RiPPMiner-Genome

DATASET

The current version of RiPPMiner-Genome has been developed using a dataset of 259 experimentally characterized RiPP BGCs (106 lanthipeptides, 55 lassopeptides, 31 thiopeptides, 26 cyanobactins, 12 glycocins, 10 LAPs, 10 head-to-tail peptides, 6 linaridins and 3 bottromycins) for which genomic sequences as well as chemical structures of RiPP biosynthetic products are known. These 259 RiPPs with BGC information contain examples where multiple RiPPs are biosynthesized by a single BGC from different RiPP precursor peptides or different types of PTMs of a single precursor peptide, thus number of unique RiPP BGCs are 204. The sequence and chemical structure information from this dataset has been used for training and validation of the machine learning (ML) classifier and benchmarking the overall performance of cross-linked chemical structure prediction starting from genomic sequences. The dataset is available in spreadsheet format as Known_RiPPs_BGC.xlsx.

BENCHMARKING RESULTS FOR RiPPMINER-GENOME

Correct identification of RiPP BGC,modifying enzymes and prediction of RiPP class could be done in 98% of cases for 9 different RiPP families. In more than 89% of cases the correct precursor peptide could be identified by the machine learning approach for these 9 RiPP families. For four major RiPP families, RiPPMIner-Genome could rank the correct cleavage and cross-link pattern among top three predictions

Summary of benchmarking results for predictions of RiPP precursors

BENCHMARKING OF THE MACHINE LEARNING MODEL FOR PREDICTION OF THIOPEPTIDE CLEAVAGE

Benchmarking was carried out on the Thiopeptide dataset provided by Schwalen J. C. et al (PMID: 29983054) and the predictions were compared with those from RODEO.

Dataset	ROC-AUC
613 Thiopeptides(RODEO)	0.99

BENCHMARKING RESULTS FOR THIOPEPTIDE CROSS-LINK PREDICTION

Benchmarking was carried out on the exprerimentally characterized thiopeptides BGCs.

Method: Random Forest (RF)

Total	Positive Set	Negative Set	2-FOLD AUC	10-FOLD AUC
198	29	169	0.89	0.92

BENCHMARKING RESULTS FOR LANTHIPEPTIDE MODIFIED RESIDUES PREDICTION

Method: Support Vector Machine (SVM)

False Positive Rate (FPR %)	True Positive Rate (TPR %)
10	78

The Machine Learning (ML) Model was trained on 49 Lanthipeptides and was Tested on the remaining dataset of 49 Lanthipeptides in the Blind Test.

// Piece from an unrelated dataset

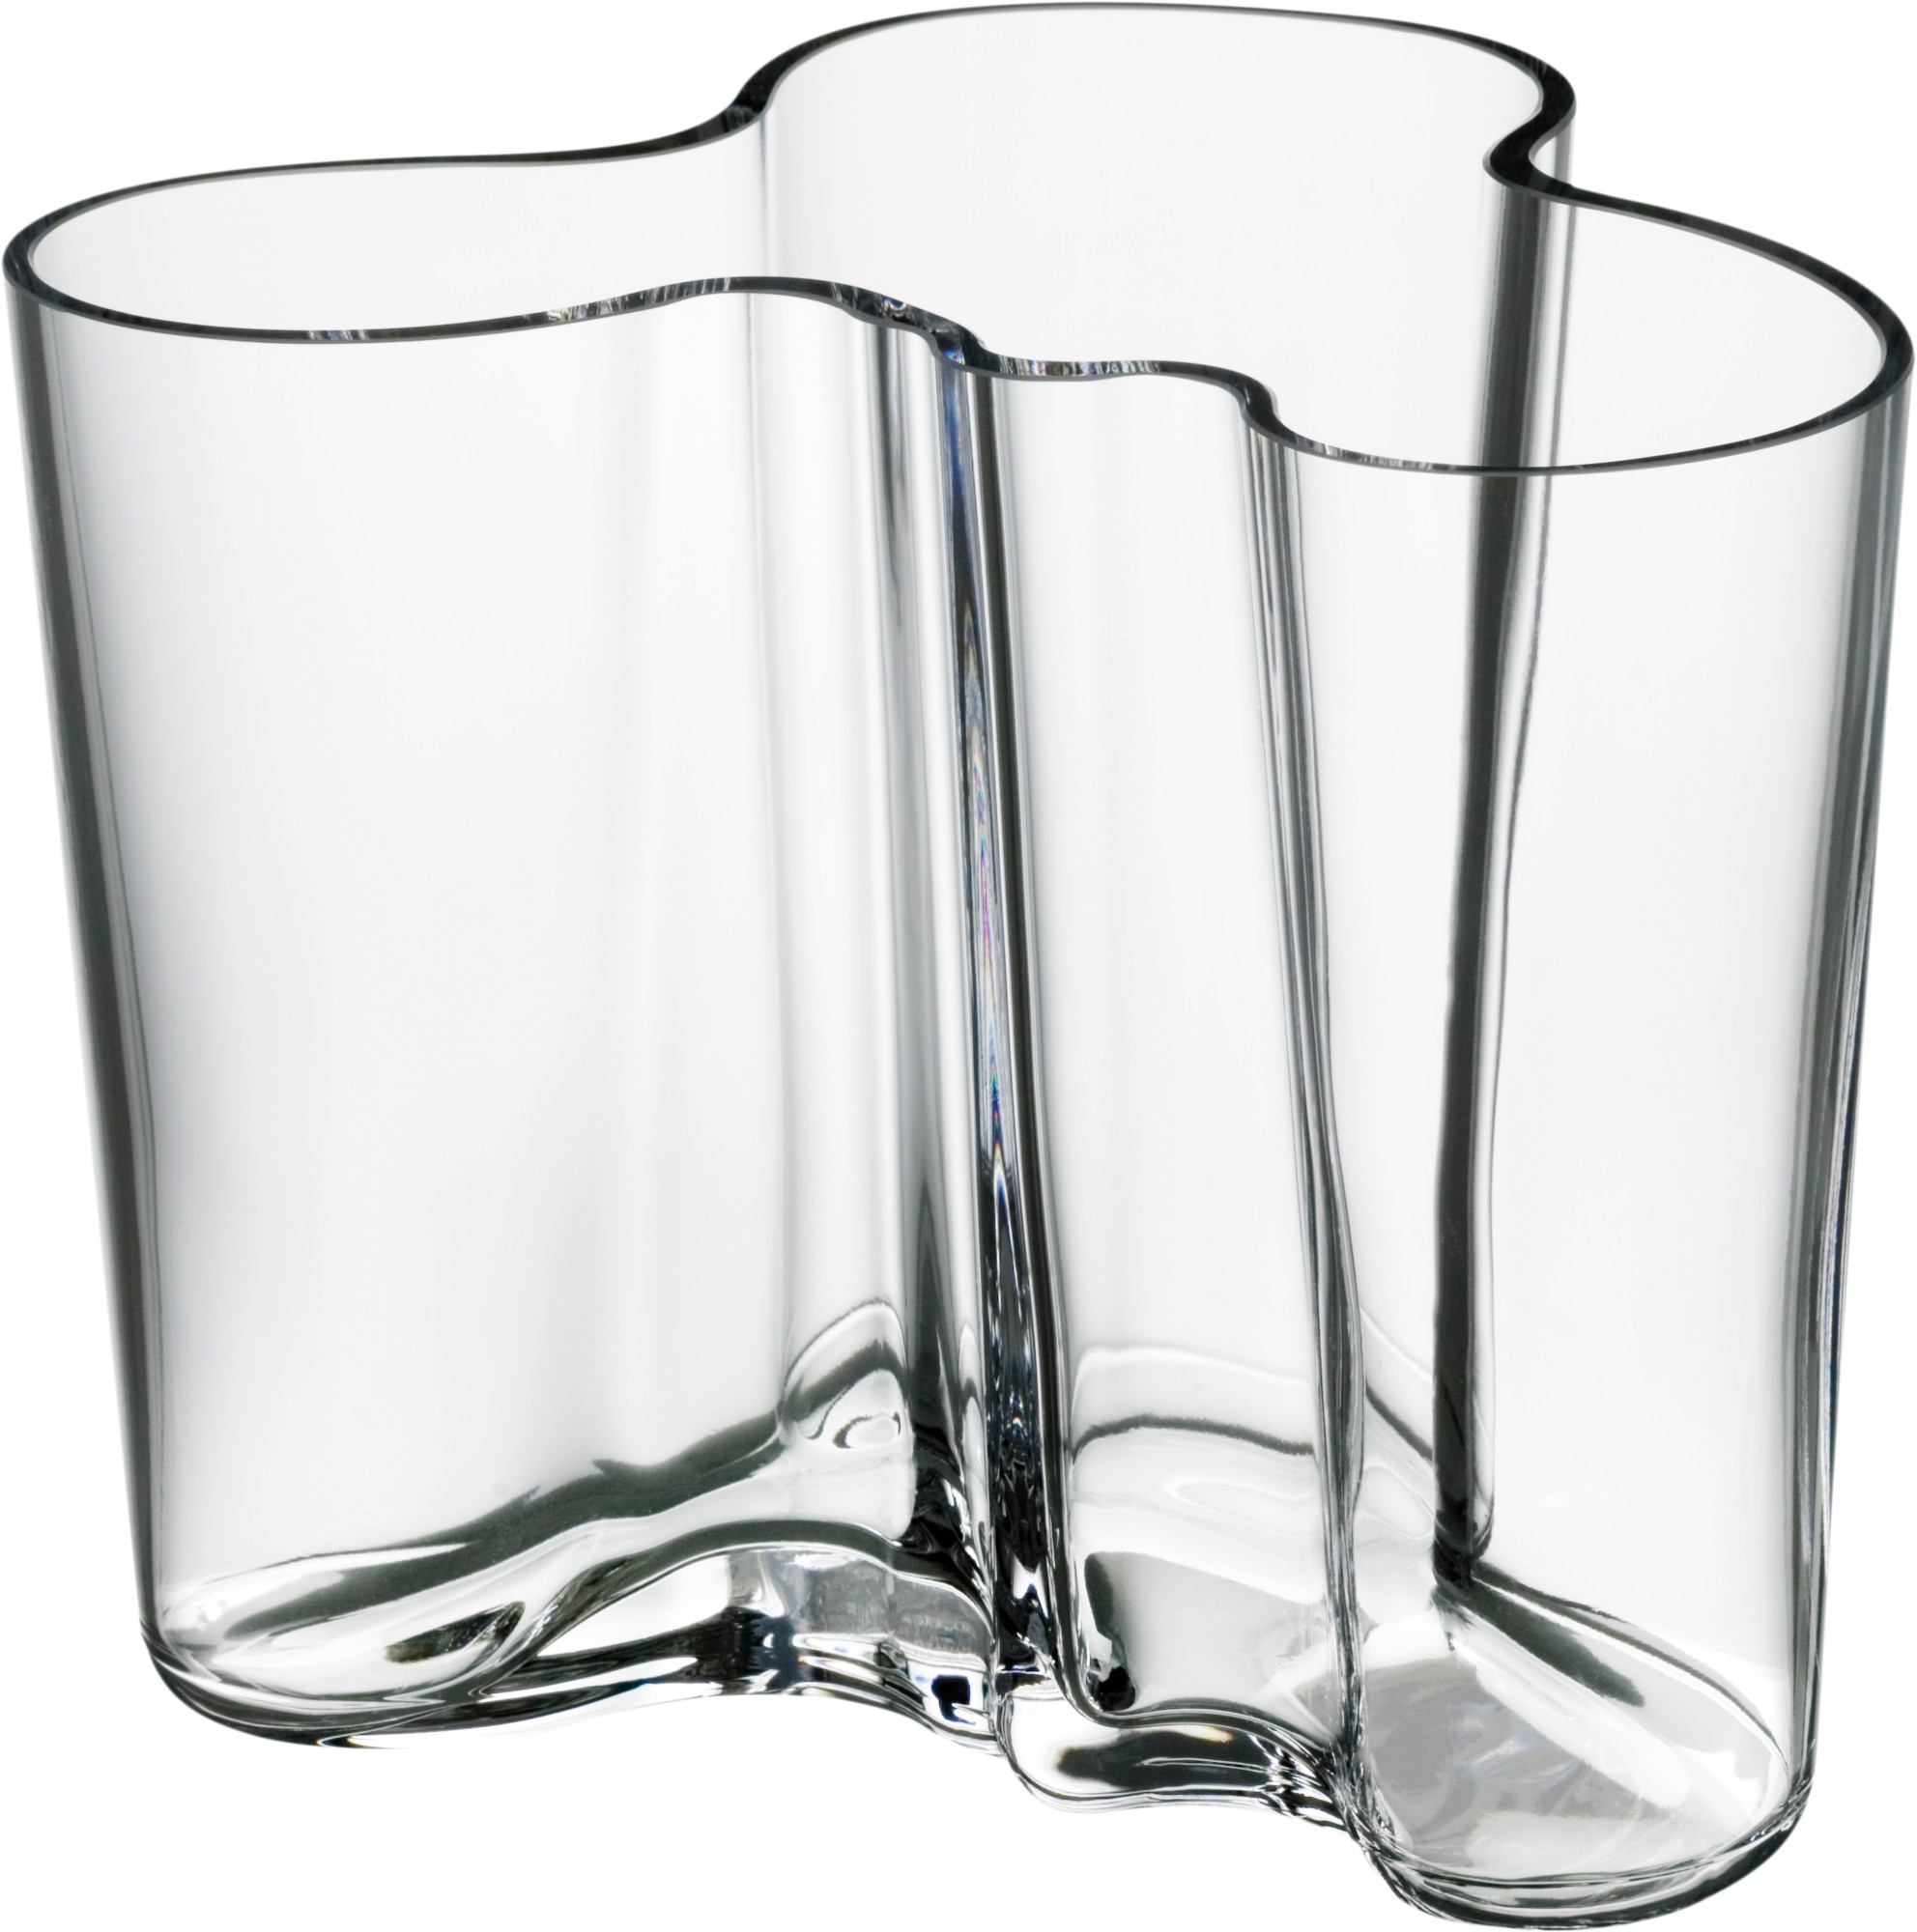 Iittala Alvar Aalto Collection Vase 120 Mm Clear Iittala Com

The result shows here are the percent Accuracy for each of these 49 Lanthipeptides. The % Accuracy was calculated by counting the number of correctly predicted Modification States of Ser/Thr/Cys Residues by ML Model divided by total number of such residues present in the Core region of each Lanthipeptide. The average % Accuracy was 76%. The average % Accuracy was 76%.